Пловец (сборник)
Шрифт:
Единственная на Грузинах мойка работала до полуночи, и я решил, что за сорок минут успею. Мойка эта пособничала охраняемой автостоянке, располагавшейся на задворках заброшенной товарной станции, у начала бесконечного тупикового парка Белорусского вокзала. Жутковатое место. Приезжал я туда всегда по темени, как и сейчас. Так получалось. Никогда я не торопился возвращаться с работы. Одиночке дома делать нечего, кроме как спать. К тому же пробки рассасывались никак не раньше девяти. Пресненский вал — вообще гиблое место: толчея у пешеходного перехода к метро, цветочный рынок — торговцы-горлопаны, зазывалы у букетных фонтанов на обочине, автомобили покупателей наискось — кормой в бочину, не пройти, не то что проехать. Место, где Грузины и Белка-Ямские сталкиваются с Беговой улицей и 1905 года — клин с клином, суши весла, иди пешим. Место, где некое коловращение Москвы всегда — сквозь века принимает обороты, омут, тайну…
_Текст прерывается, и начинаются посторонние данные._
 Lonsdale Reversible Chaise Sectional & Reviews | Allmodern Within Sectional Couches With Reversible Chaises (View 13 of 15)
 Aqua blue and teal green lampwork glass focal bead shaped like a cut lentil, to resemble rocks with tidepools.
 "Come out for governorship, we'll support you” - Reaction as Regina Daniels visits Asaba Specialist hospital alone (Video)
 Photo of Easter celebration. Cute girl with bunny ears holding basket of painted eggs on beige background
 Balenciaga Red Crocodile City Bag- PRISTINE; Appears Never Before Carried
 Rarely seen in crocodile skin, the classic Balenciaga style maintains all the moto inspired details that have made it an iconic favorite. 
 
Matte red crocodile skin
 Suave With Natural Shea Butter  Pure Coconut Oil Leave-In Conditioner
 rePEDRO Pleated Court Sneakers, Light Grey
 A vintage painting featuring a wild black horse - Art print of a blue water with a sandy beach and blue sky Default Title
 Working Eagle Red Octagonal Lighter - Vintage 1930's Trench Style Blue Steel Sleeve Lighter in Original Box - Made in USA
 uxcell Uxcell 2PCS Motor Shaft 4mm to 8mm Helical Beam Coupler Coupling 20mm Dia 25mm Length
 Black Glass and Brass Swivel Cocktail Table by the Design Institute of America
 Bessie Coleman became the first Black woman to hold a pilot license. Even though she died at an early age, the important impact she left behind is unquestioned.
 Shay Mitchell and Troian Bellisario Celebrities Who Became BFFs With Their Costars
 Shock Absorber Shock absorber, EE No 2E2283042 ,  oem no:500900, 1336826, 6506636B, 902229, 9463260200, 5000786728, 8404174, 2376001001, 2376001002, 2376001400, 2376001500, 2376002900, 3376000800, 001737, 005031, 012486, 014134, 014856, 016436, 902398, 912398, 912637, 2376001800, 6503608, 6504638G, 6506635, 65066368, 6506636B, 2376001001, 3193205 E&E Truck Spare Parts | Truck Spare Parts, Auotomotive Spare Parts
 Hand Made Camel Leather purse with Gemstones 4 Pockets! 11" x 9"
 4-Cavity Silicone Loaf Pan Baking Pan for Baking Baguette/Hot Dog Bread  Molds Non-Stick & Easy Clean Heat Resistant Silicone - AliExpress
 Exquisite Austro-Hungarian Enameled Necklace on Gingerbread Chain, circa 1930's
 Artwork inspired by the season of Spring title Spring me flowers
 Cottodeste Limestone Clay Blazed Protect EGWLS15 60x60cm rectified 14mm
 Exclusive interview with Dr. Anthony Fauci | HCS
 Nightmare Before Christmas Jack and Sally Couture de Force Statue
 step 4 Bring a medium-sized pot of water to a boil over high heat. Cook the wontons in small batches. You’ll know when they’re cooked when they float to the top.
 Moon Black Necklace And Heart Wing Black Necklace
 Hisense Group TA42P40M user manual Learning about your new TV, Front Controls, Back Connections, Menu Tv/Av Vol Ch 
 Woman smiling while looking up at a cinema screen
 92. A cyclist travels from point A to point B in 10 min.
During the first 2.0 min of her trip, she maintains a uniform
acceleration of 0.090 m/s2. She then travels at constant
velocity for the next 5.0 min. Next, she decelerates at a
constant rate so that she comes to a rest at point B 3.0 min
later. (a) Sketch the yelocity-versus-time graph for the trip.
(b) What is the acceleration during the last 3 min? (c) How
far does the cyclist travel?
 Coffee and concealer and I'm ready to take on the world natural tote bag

Пресня, Грузины, Ямские, сходясь, образуют своего рода московские Бермуды,
Грузины замечательны двумя домами. Один — усадьба Багратиони, откуда по всему городу расползаются бронзовые чудища. Другой — дом Мирзахани, самый красивый новострой в Москве, чем-то напоминающий шедевры, обступившие Австрийскую площадь в Питере. Владение строительного магната представляет собой резиденцию по-восточному многочисленного фамильного клана. Выгуливая себя в той местности, я непременно выруливал к дому Мирзахани, чтобы пройти мимо парадной, отделанной искристым лабрадоритом. Пренебрегая крупнокалиберными взглядами пиджачной охраны, я вышагивал поребриком вдоль сквера, прямехонько на двух бронзовых гигантов — в объятья шебутных клоунов верхом на колесе. Я шел вдоль парковки, где можно было увидеть и «роллс-ройс», и «феррари», и «ламборджини», и ZХ, и коллекционный «мерседес» 1962 года — пока еще не переведенных «валетами» в стойло подземного гаража, спуск по спирали с торца, из-под яшмового фонтана.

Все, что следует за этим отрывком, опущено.